- _Supplied records_:
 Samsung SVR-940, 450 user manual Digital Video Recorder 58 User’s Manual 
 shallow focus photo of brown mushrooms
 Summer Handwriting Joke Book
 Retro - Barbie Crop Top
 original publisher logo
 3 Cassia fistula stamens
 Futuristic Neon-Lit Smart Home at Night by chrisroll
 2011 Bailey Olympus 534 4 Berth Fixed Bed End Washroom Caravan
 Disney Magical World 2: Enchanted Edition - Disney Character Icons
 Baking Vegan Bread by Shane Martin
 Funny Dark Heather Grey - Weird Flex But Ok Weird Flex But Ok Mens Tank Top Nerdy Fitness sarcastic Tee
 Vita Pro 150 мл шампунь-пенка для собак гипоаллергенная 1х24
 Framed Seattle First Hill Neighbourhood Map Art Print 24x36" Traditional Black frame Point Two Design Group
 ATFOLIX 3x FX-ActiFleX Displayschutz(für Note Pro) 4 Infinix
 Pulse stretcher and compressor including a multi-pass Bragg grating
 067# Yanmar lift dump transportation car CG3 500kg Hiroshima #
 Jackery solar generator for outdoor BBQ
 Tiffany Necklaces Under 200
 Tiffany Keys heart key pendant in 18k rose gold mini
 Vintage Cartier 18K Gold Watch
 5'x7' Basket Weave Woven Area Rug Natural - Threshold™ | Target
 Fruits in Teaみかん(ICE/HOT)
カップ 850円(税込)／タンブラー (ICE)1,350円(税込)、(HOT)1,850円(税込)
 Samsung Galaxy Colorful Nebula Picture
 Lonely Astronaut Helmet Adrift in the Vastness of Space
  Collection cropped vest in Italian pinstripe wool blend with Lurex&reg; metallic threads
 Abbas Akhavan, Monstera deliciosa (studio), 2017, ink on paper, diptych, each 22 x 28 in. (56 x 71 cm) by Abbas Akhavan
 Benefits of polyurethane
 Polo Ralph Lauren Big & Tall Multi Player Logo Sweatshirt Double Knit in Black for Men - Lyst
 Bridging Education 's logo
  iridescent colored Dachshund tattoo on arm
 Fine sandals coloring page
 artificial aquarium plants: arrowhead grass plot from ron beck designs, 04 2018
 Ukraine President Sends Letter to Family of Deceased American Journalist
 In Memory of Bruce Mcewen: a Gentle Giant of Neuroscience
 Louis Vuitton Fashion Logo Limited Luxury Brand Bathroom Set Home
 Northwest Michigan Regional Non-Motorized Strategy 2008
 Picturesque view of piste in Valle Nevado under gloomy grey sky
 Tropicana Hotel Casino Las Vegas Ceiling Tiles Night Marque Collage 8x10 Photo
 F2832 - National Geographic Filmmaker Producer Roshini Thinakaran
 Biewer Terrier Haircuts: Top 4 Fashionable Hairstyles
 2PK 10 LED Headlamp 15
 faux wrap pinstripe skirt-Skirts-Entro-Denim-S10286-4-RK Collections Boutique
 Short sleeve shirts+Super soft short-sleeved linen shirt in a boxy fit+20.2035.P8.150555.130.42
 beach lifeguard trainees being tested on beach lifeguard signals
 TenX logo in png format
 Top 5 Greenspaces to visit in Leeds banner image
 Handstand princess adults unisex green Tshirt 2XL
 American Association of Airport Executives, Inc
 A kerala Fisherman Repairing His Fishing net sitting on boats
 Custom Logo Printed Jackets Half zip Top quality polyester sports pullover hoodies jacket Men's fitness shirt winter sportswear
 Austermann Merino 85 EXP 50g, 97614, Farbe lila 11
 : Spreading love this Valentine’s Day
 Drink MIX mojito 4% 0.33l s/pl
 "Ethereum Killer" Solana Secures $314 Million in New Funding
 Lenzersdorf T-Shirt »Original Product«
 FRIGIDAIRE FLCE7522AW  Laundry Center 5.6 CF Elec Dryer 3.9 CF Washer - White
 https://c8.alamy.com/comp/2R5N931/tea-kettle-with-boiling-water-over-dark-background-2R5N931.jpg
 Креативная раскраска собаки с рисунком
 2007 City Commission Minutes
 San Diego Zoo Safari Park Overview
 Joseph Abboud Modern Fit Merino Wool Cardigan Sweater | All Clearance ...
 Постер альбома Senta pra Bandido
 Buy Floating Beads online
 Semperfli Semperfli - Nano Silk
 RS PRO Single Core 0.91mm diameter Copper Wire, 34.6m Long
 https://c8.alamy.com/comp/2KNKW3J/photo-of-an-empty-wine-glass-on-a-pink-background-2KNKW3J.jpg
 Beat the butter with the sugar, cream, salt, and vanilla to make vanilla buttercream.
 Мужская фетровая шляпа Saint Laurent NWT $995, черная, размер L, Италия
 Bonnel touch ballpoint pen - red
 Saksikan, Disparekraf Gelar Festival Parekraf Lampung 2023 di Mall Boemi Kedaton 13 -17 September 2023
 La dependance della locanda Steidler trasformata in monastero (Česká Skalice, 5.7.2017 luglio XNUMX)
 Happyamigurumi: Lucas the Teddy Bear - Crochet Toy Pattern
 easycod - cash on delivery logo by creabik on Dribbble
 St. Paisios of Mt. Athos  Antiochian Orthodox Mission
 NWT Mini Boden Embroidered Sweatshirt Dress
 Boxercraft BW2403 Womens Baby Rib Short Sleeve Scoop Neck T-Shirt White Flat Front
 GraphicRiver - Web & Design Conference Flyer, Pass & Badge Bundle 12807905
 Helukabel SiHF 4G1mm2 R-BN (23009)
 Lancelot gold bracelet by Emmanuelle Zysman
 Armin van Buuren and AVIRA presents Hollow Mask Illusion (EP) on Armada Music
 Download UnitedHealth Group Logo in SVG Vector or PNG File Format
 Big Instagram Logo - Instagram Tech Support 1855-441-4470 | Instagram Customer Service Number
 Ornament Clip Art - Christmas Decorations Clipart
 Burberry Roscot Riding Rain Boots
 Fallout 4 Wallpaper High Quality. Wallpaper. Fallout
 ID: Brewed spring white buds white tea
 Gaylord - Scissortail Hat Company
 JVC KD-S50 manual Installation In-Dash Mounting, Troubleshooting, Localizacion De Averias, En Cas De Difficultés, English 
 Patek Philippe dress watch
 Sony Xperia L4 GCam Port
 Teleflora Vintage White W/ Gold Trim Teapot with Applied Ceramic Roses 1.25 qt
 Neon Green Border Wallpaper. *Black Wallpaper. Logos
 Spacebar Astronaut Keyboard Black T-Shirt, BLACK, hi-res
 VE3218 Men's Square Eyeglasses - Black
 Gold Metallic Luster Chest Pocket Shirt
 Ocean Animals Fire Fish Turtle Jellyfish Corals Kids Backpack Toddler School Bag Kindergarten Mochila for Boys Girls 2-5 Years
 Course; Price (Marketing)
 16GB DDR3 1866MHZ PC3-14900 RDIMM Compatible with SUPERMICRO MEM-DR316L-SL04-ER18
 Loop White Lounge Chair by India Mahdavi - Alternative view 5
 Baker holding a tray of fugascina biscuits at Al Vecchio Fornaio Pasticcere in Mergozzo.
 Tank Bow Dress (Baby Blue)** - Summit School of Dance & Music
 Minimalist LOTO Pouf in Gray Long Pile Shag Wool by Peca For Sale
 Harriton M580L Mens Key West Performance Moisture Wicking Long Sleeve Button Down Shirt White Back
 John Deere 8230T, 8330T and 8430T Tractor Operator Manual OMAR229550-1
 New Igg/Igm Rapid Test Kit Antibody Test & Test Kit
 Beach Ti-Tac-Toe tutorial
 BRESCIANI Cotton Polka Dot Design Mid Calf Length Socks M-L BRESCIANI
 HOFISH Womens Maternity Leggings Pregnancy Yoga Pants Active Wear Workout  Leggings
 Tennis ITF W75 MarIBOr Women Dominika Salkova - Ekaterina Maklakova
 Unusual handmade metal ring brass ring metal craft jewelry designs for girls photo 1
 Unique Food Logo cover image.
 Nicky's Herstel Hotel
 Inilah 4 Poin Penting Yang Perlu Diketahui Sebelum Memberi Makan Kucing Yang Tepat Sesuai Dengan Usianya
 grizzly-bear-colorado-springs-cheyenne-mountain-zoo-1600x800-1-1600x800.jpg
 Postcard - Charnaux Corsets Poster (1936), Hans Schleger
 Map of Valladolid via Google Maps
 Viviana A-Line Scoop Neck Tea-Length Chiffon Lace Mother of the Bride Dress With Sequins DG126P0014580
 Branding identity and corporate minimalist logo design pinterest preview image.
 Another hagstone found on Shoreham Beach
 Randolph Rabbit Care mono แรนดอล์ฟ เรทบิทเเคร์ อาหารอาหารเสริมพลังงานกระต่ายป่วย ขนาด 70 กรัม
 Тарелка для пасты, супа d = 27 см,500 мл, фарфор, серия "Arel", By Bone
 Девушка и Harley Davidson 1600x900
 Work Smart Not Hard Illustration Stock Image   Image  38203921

- _How to complete this task_: In the listing above, locate the line containing "John Deere 8230T, 8330T" and the line containing "Viviana A-Line Scoop". Extract those two lines and every line between them, exactly as written, and only those.

- _Output_:
 John Deere 8230T, 8330T and 8430T Tractor Operator Manual OMAR229550-1
 New Igg/Igm Rapid Test Kit Antibody Test & Test Kit
 Beach Ti-Tac-Toe tutorial
 BRESCIANI Cotton Polka Dot Design Mid Calf Length Socks M-L BRESCIANI
 HOFISH Womens Maternity Leggings Pregnancy Yoga Pants Active Wear Workout  Leggings
 Tennis ITF W75 MarIBOr Women Dominika Salkova - Ekaterina Maklakova
 Unusual handmade metal ring brass ring metal craft jewelry designs for girls photo 1
 Unique Food Logo cover image.
 Nicky's Herstel Hotel
 Inilah 4 Poin Penting Yang Perlu Diketahui Sebelum Memberi Makan Kucing Yang Tepat Sesuai Dengan Usianya
 grizzly-bear-colorado-springs-cheyenne-mountain-zoo-1600x800-1-1600x800.jpg
 Postcard - Charnaux Corsets Poster (1936), Hans Schleger
 Map of Valladolid via Google Maps
 Viviana A-Line Scoop Neck Tea-Length Chiffon Lace Mother of the Bride Dress With Sequins DG126P0014580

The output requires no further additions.